■ **Task instructions**: From the line containing "钟南山、李兰娟、张文宏同台指导学校疫情防控" to the final line of the entries, every line is to be reproduced exactly; no other line belongs in the output.

Provided information Block Start

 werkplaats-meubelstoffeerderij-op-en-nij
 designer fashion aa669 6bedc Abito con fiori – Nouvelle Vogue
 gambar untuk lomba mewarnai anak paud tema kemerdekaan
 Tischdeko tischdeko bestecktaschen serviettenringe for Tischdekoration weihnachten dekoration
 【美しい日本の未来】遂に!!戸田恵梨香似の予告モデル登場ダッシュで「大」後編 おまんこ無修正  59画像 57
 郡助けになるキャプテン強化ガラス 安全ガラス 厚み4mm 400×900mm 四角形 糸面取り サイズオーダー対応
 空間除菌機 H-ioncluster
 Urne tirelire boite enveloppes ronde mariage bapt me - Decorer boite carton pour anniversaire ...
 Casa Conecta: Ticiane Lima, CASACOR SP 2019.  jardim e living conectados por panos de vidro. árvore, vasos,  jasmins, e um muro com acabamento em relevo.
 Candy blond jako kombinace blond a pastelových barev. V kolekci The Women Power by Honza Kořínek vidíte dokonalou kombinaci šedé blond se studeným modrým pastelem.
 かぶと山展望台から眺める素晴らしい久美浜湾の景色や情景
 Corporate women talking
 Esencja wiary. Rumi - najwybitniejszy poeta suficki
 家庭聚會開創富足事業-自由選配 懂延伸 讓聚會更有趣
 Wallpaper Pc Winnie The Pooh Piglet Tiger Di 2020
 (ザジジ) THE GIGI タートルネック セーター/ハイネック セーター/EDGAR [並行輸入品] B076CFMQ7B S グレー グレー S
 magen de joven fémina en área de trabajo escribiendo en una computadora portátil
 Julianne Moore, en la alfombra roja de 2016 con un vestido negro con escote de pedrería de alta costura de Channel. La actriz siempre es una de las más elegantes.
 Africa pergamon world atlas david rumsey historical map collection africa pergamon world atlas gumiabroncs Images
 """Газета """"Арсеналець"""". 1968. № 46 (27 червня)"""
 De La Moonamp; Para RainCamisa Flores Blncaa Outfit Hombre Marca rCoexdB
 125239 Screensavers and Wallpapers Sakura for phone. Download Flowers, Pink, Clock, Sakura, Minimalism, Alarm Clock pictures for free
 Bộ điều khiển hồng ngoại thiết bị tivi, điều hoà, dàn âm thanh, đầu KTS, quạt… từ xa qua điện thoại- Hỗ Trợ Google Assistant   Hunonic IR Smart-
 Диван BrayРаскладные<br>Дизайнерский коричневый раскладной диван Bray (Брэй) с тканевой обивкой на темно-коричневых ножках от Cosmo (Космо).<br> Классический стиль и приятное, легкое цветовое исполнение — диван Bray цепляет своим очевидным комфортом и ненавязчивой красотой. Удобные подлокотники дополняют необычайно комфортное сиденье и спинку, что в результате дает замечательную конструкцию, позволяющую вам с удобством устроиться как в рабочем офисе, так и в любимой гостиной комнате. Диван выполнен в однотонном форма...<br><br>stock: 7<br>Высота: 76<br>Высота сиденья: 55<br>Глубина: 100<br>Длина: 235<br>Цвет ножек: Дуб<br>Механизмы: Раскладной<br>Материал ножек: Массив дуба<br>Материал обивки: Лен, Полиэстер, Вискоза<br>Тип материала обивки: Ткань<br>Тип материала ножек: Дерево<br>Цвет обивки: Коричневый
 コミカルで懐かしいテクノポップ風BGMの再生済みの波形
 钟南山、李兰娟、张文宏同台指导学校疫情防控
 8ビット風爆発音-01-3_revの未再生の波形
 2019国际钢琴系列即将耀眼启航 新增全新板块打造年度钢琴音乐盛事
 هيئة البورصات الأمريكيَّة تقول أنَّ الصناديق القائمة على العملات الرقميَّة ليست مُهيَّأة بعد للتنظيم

Provided information Block End

■ **Output for this task**:
 钟南山、李兰娟、张文宏同台指导学校疫情防控
 8ビット風爆発音-01-3_revの未再生の波形
 2019国际钢琴系列即将耀眼启航 新增全新板块打造年度钢琴音乐盛事
 هيئة البورصات الأمريكيَّة تقول أنَّ الصناديق القائمة على العملات الرقميَّة ليست مُهيَّأة بعد للتنظيم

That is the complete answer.